The Court of Appeals, in this unpublished opinion, upheld the trial courts determination of a “gang expert” as an expert under Evidence Rule 702. What’s interesting about this otherwise long and tedious opinion is the comment by the Appellate Court that if the defense had shown that the expert opinion was nothing but common knowledge among the public then the expert would loose the expert label and their testimony would suffer the same restrictions that common lay witnesses suffer.

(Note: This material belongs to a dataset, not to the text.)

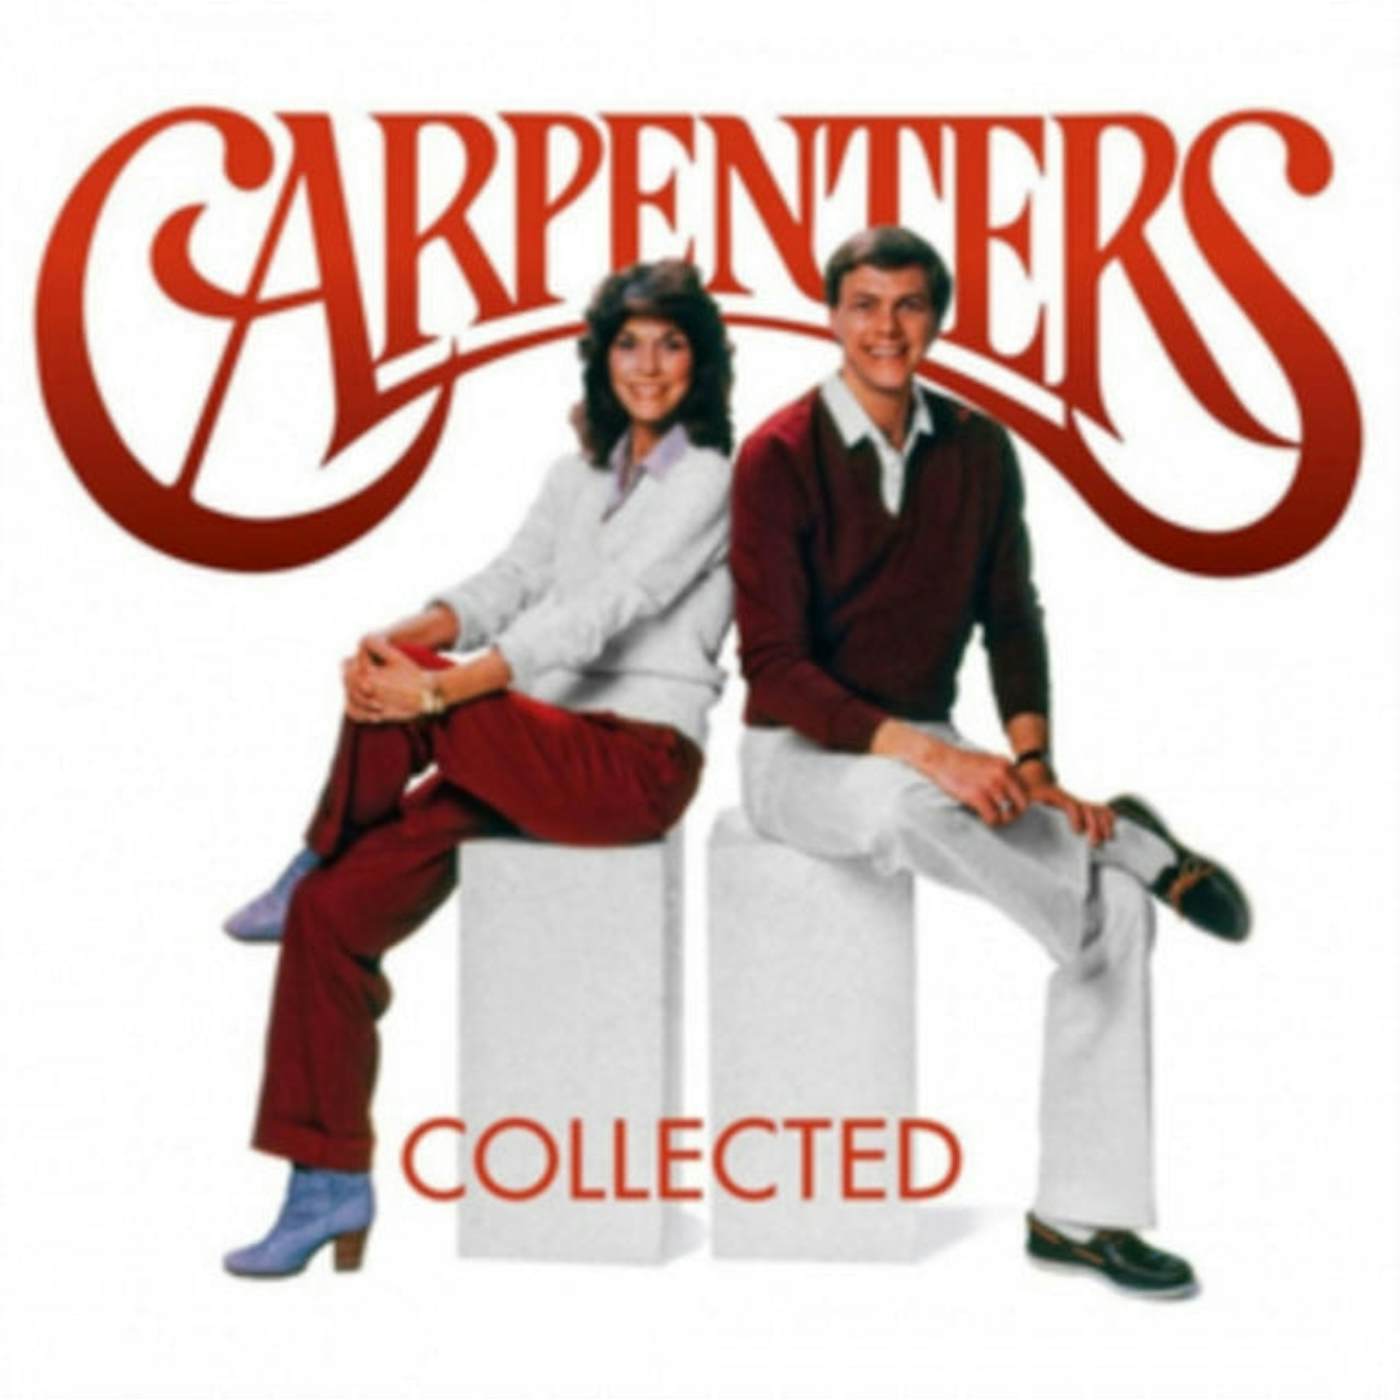 Carpenters LP Vinyl Record - Collected

The key prerequisites for admission of expert testimony under ER 702 are a qualified witness and helpful testimony for the trier of fact.[24] Pierce fails to direct us to anything in the record showing that Ringer’s expert gang information is common knowledge among the general public. In essence, Pierce is arguing that evidence of close family ties and other justifications for individuals not wanting to cooperate with the police could have substituted for the gang evidence in explaining motivation and the witnesses’ actions, including their reluctance to come forward and to testify. This argument, however, relates more to relevancy and prejudice than it does to whether Ringer’s testimony could have been helpful to the jury, which was composed of members of the general public at large, despite Pierce’s acquaintances’ having some grasp of gang-related terminology and gang attributes. Thus, this argument also fails.
Rule of Pierce – This unpublished opinion stands for the idea that showing if you can show common experience you can take away the expert nature of the State’s expert.
State v. Kai Tremaine Pierce, Division II of the Washington State Court of Appeals, UNPUBLISHED OPINION, No. 39348-4-II, November 8, 2011.